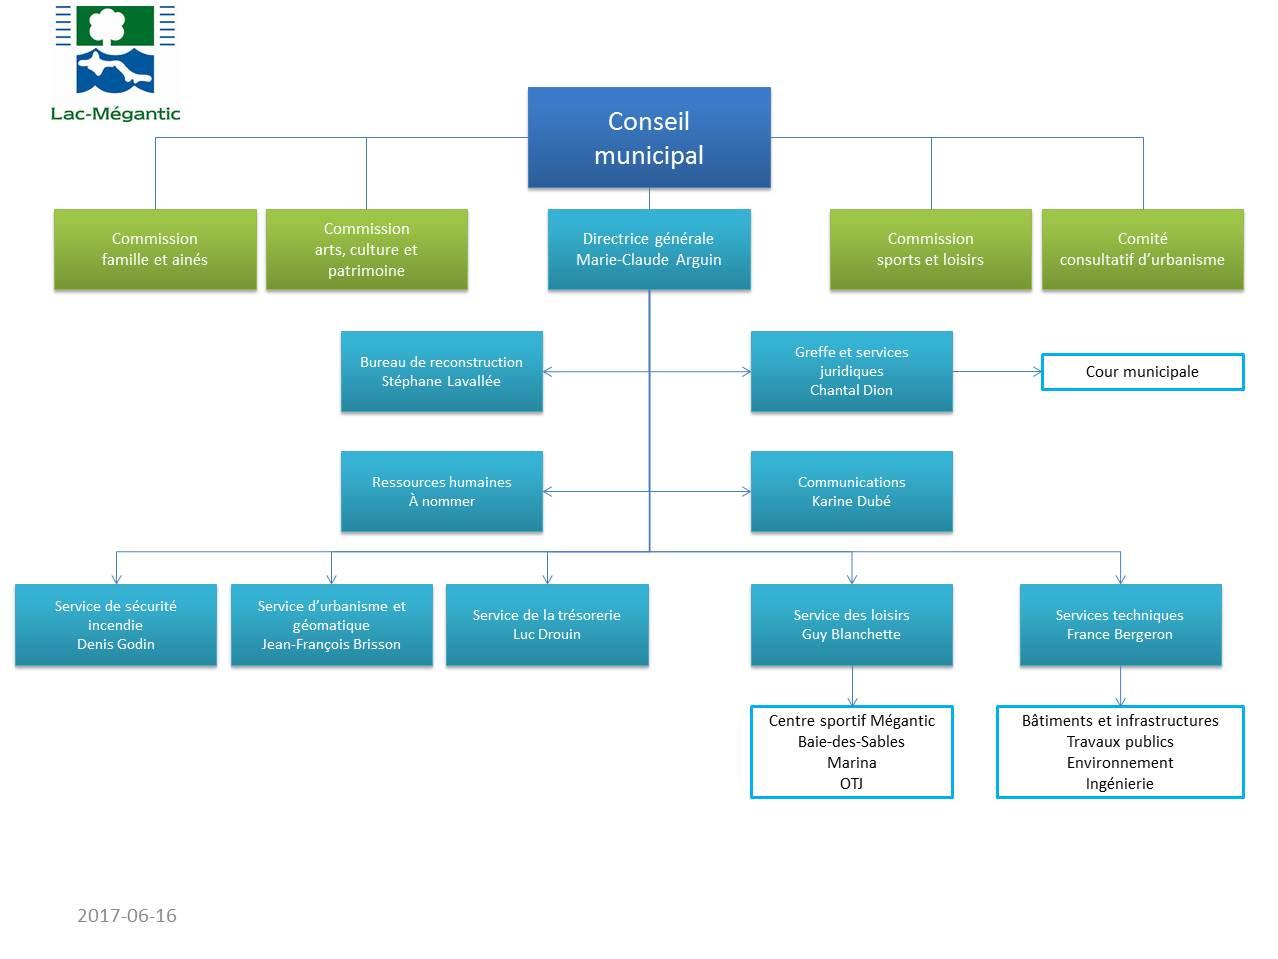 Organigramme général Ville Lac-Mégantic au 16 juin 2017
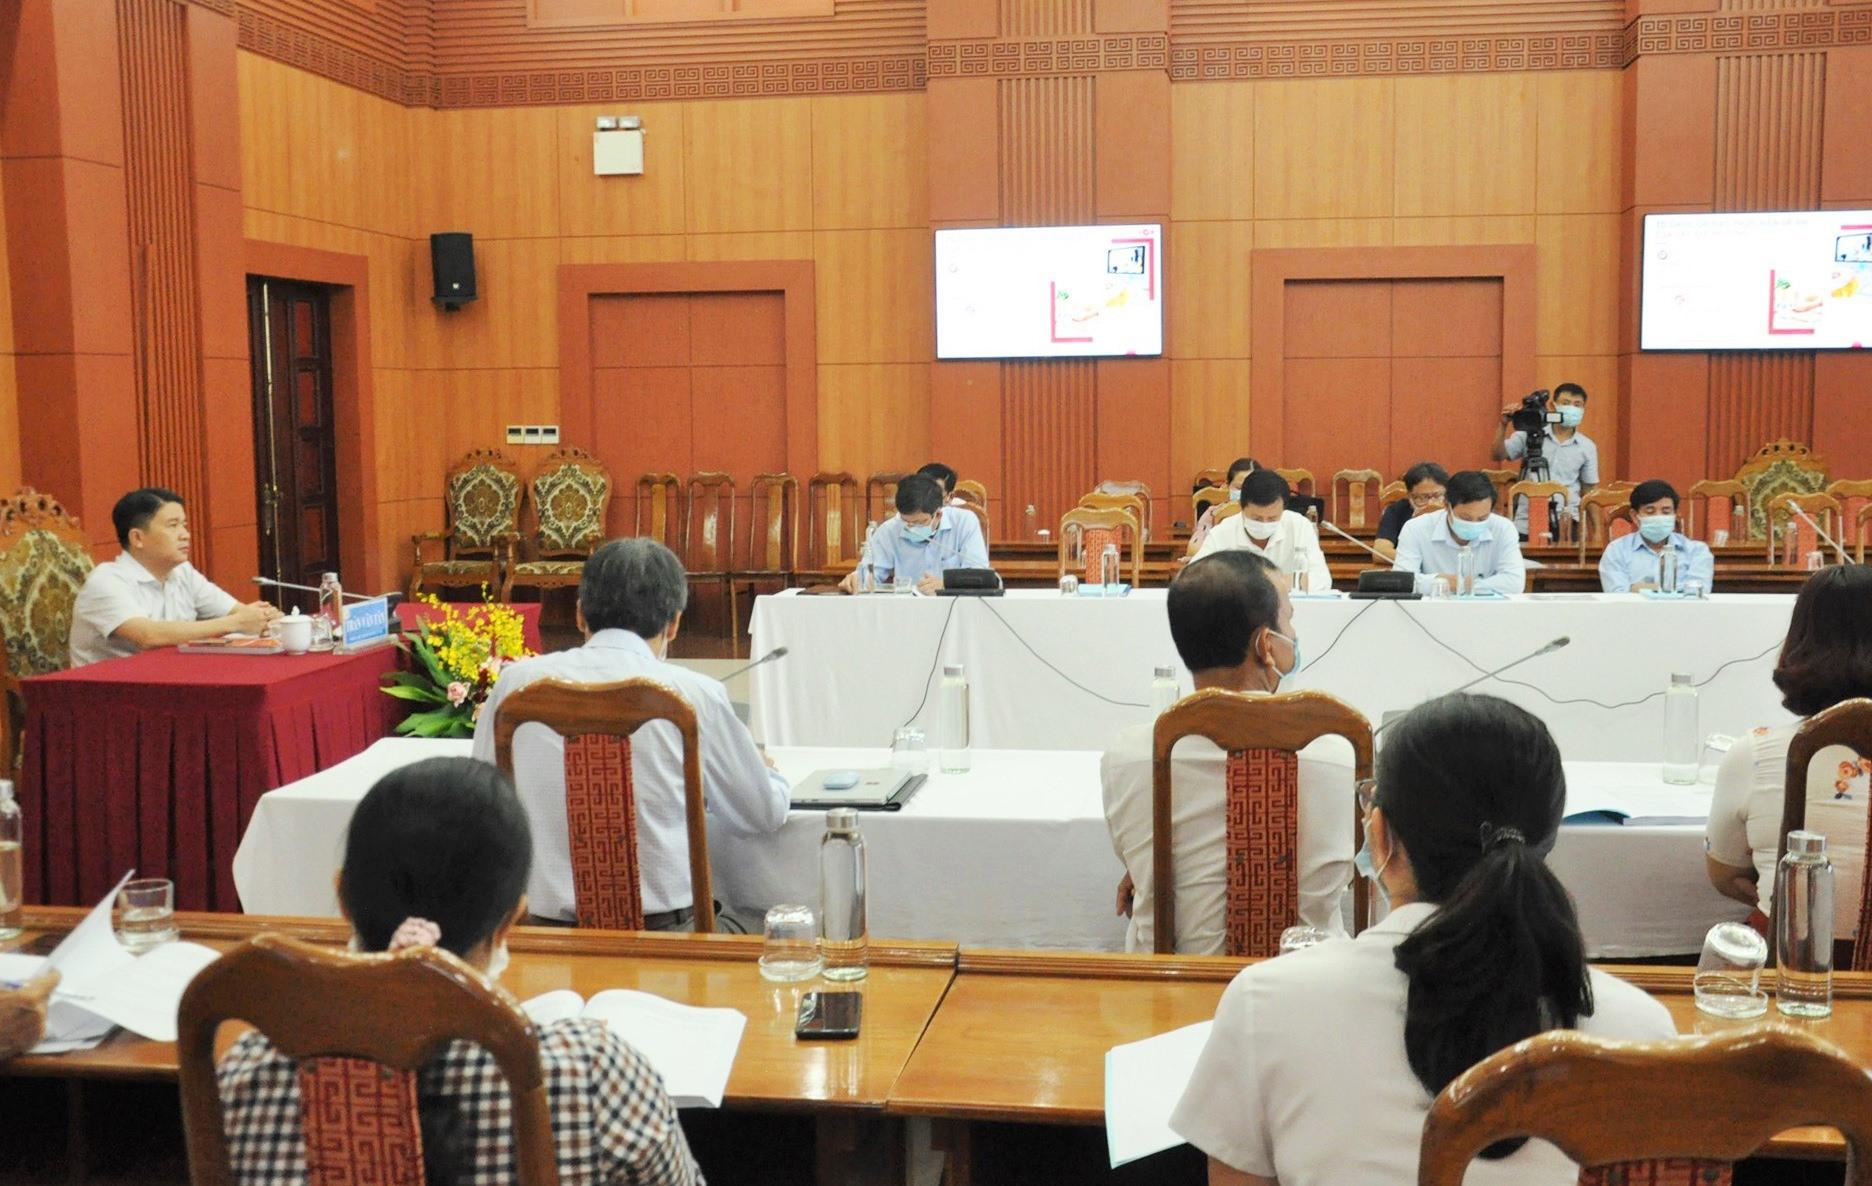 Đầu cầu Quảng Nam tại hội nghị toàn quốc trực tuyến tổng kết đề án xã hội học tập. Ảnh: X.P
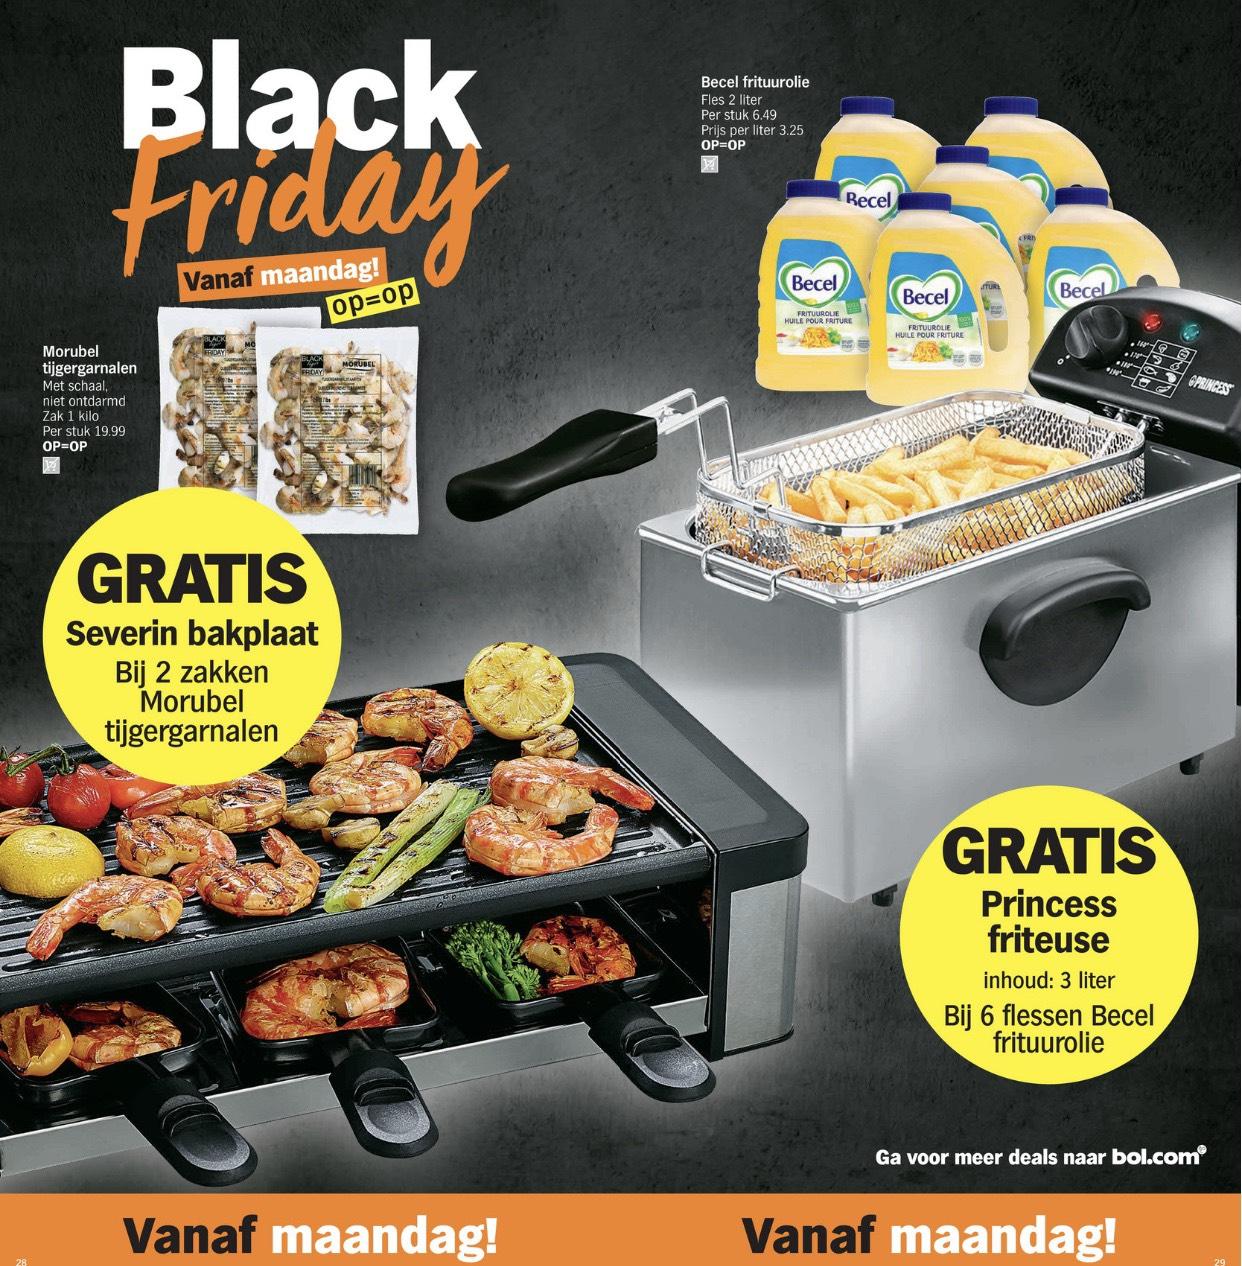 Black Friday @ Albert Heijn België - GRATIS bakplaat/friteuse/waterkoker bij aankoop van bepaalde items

WORK INSTRUCTIONS »
Here the lines from the one with "Đầu cầu Quảng" through the last line of the data above need to be repeated exactly, both included, and any picture omitted.

RESPONSE AREA »
 Đầu cầu Quảng Nam tại hội nghị toàn quốc trực tuyến tổng kết đề án xã hội học tập. Ảnh: X.P
 Black Friday @ Albert Heijn België - GRATIS bakplaat/friteuse/waterkoker bij aankoop van bepaalde items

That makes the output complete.